Please repeat the entries below exactly as written, leaving out any images.

Segment Start: RECORDED INFORMATION

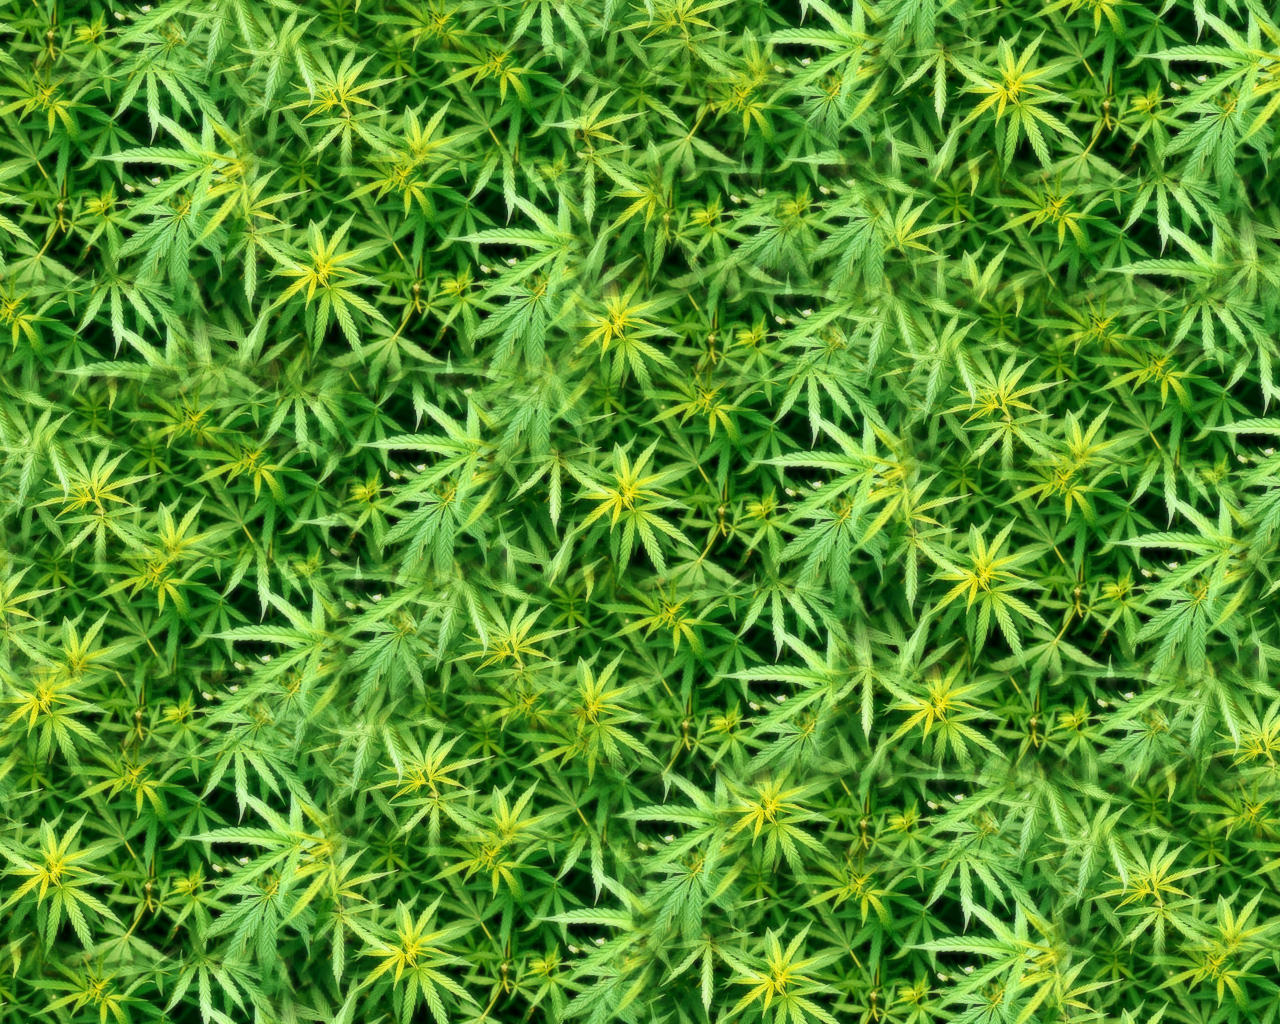 Dank wallpaper by club marijuana on deviantart - Dank wallpaper ...
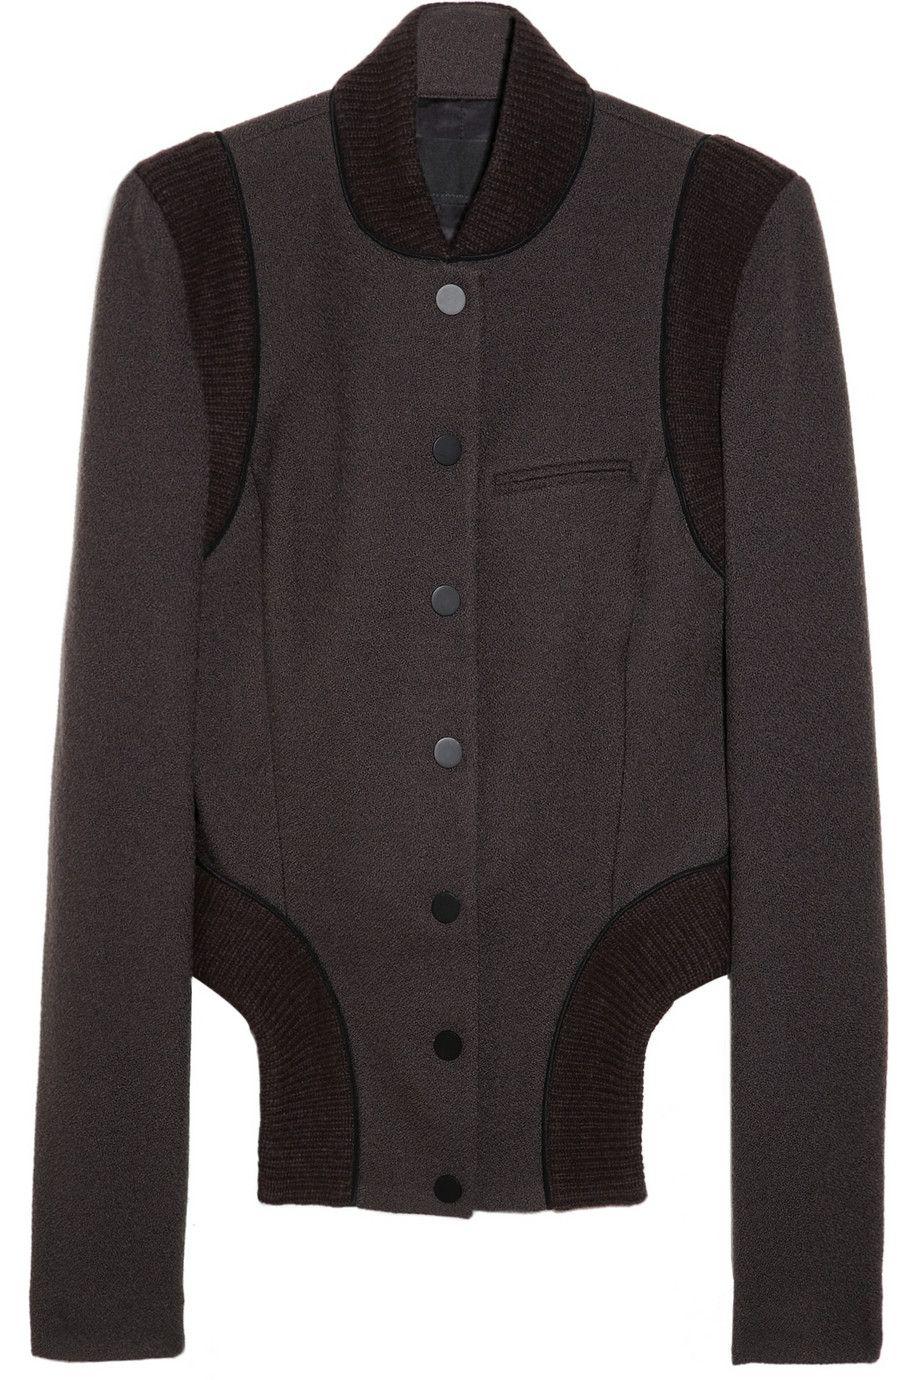 Dippedfront wooljersey varsity jacket by alexander wang
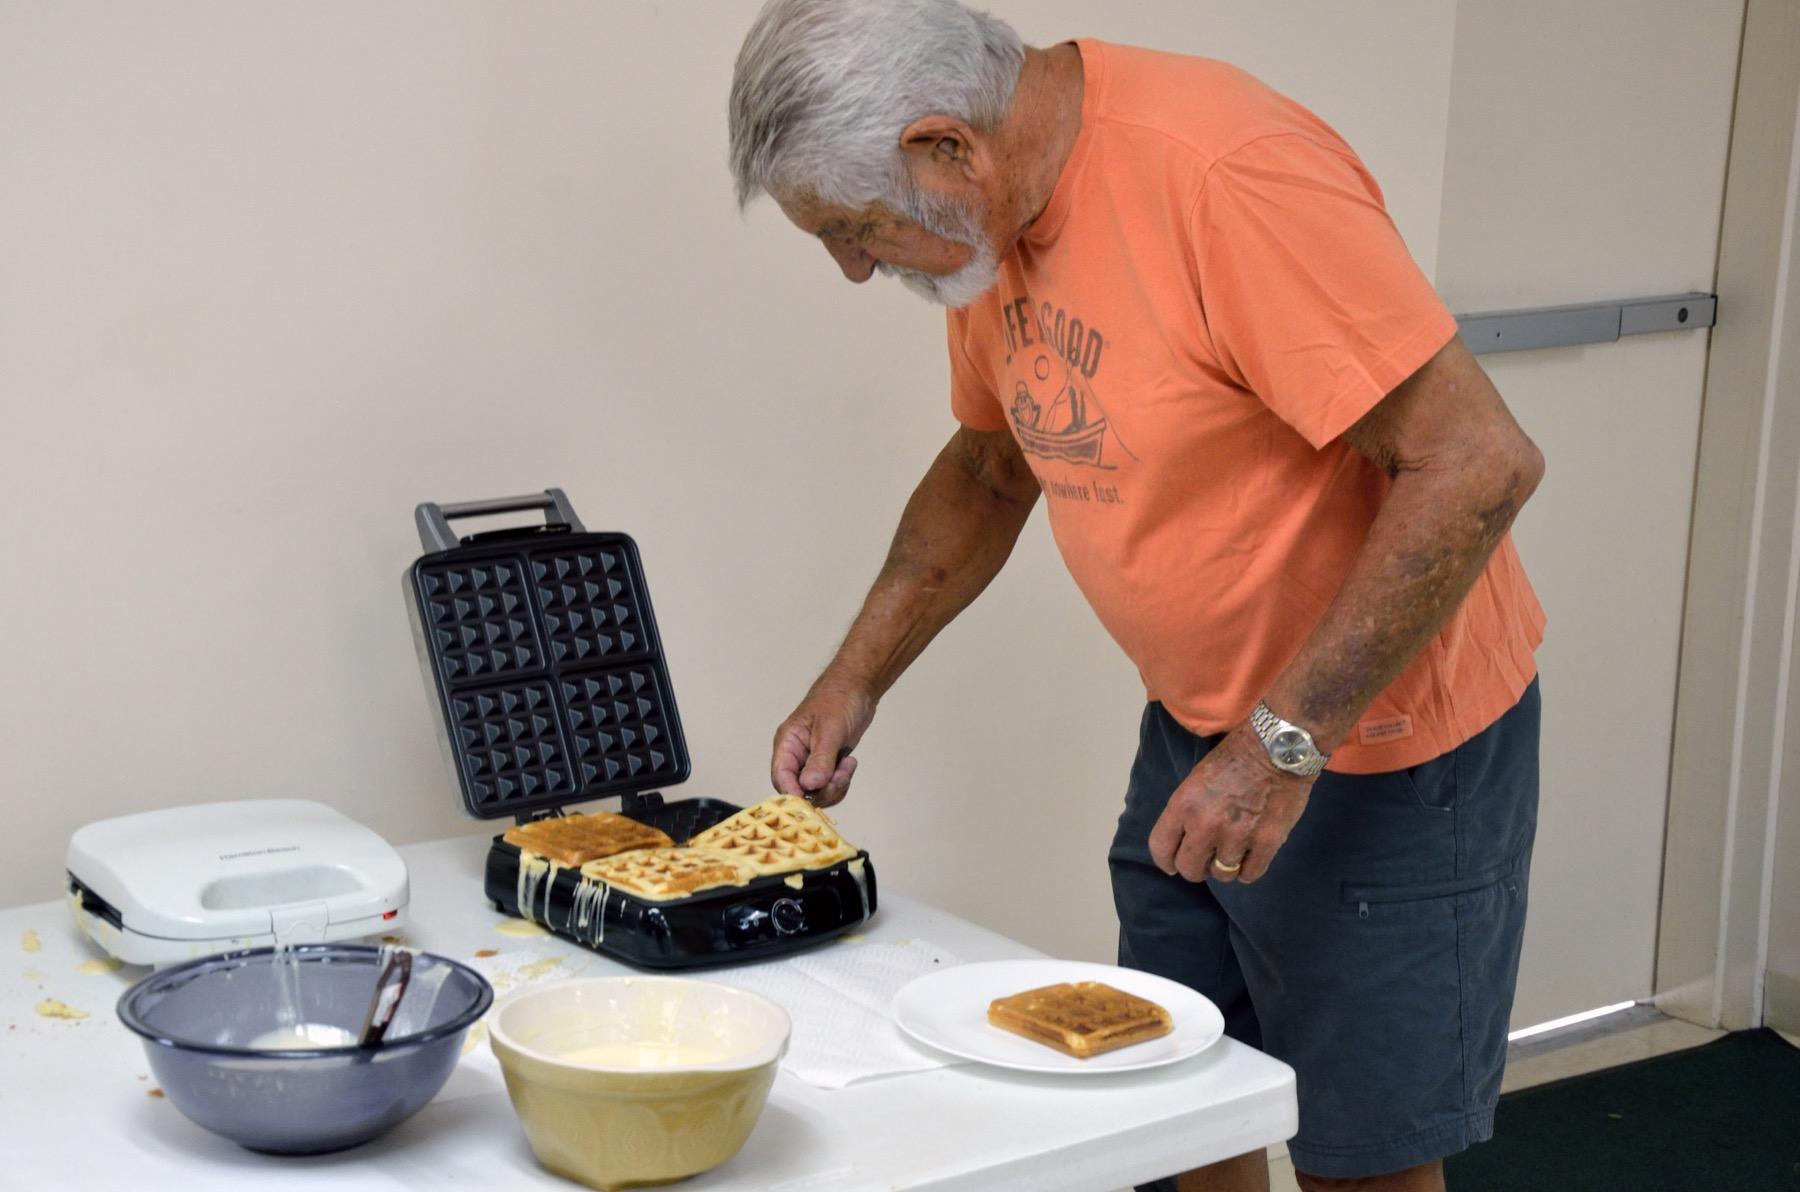 021-Art Fixing Morning Waffles
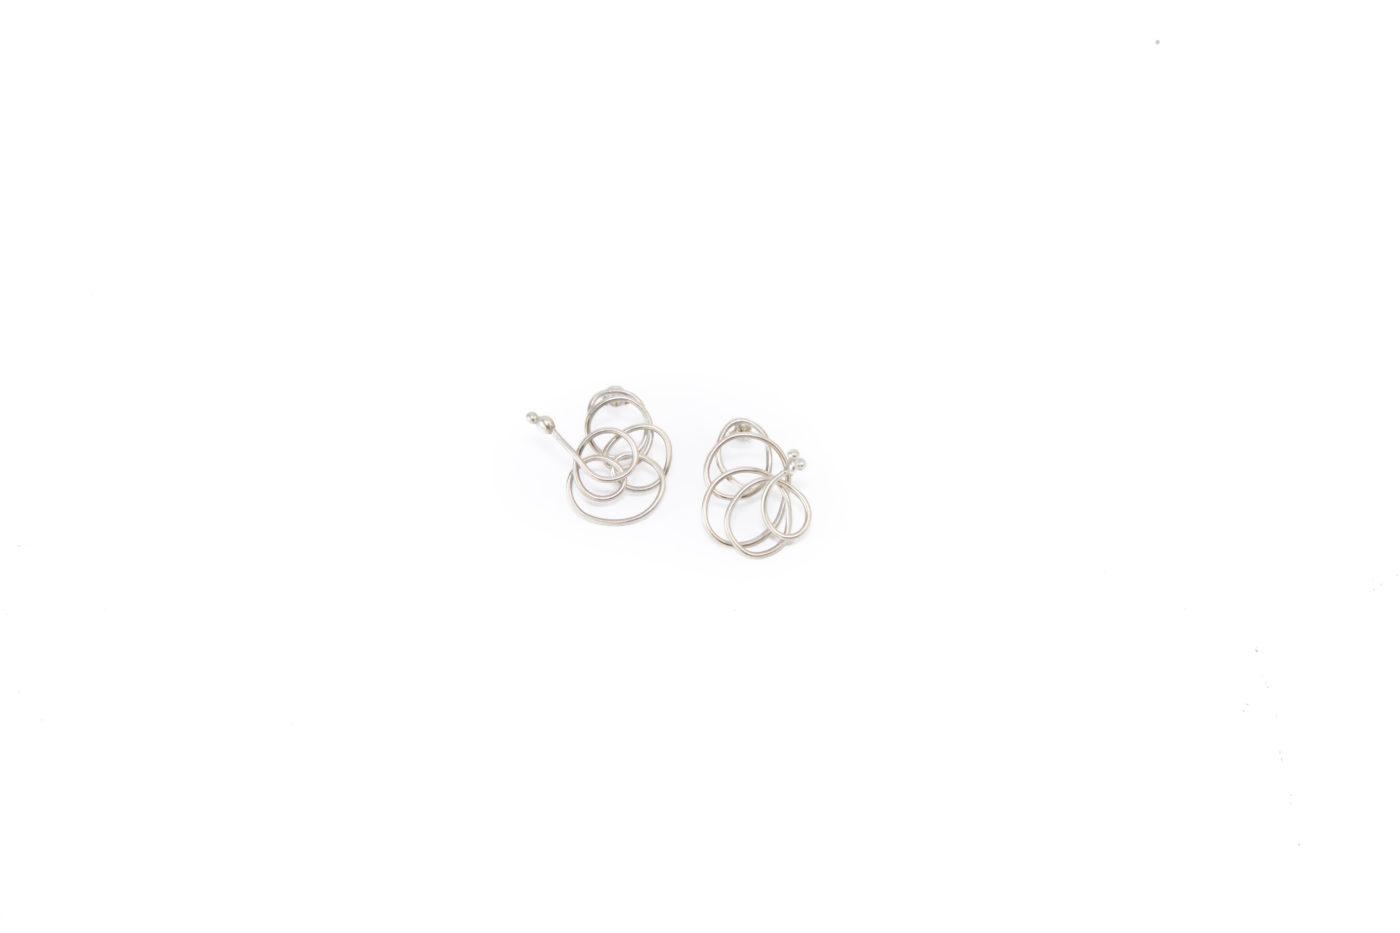 tangled earrings, sterling silver, abstract earrings, everyday earrings
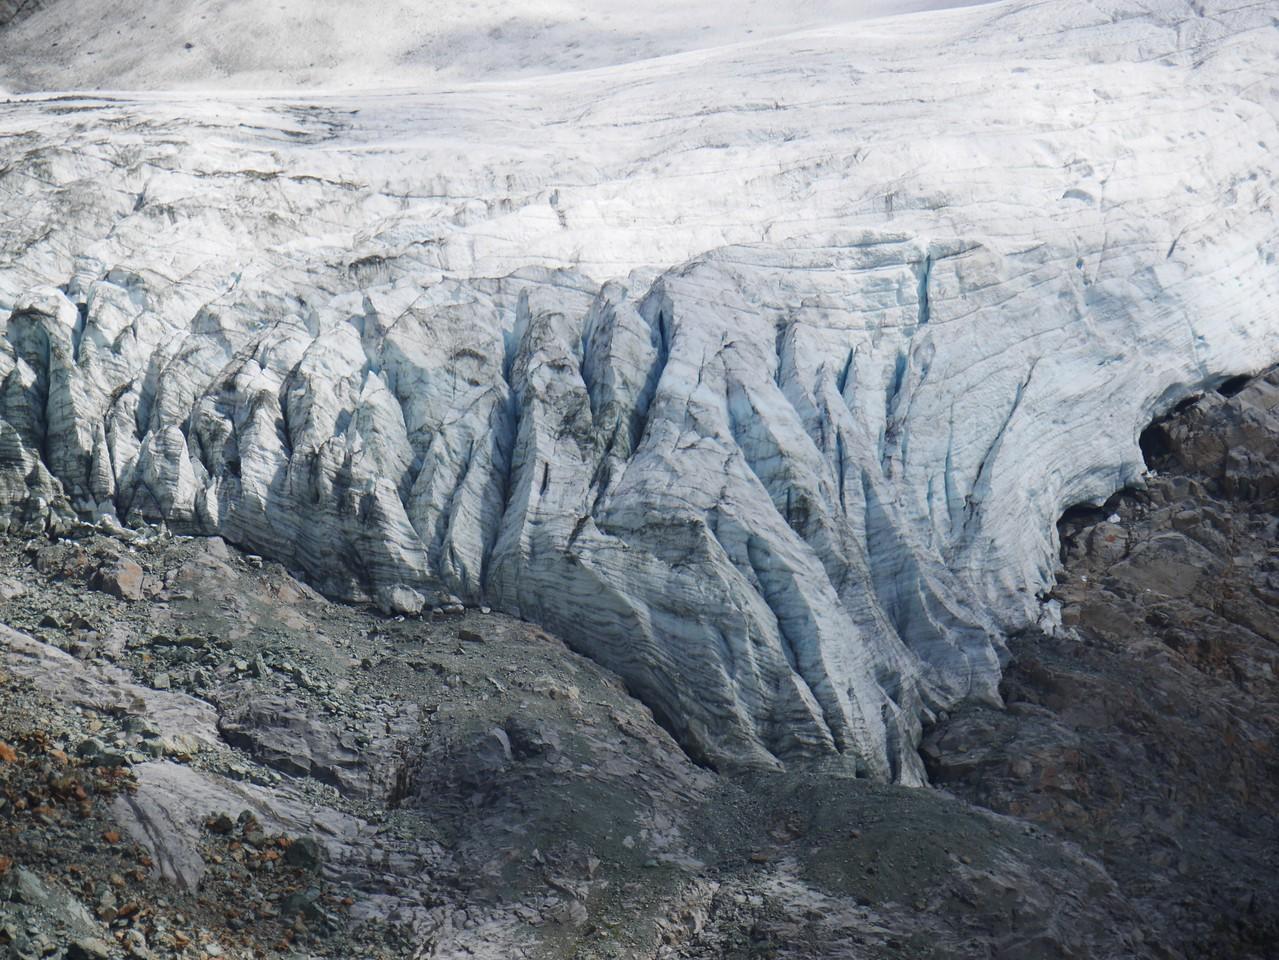 Lake Ann Hike - Mt Shuksan glaciers

Segment End: RECORDED INFORMATION

*COMPLETED TASK:*
 Dank wallpaper by club marijuana on deviantart - Dank wallpaper ...
 Dippedfront wooljersey varsity jacket by alexander wang
 021-Art Fixing Morning Waffles
 tangled earrings, sterling silver, abstract earrings, everyday earrings
 Lake Ann Hike - Mt Shuksan glaciers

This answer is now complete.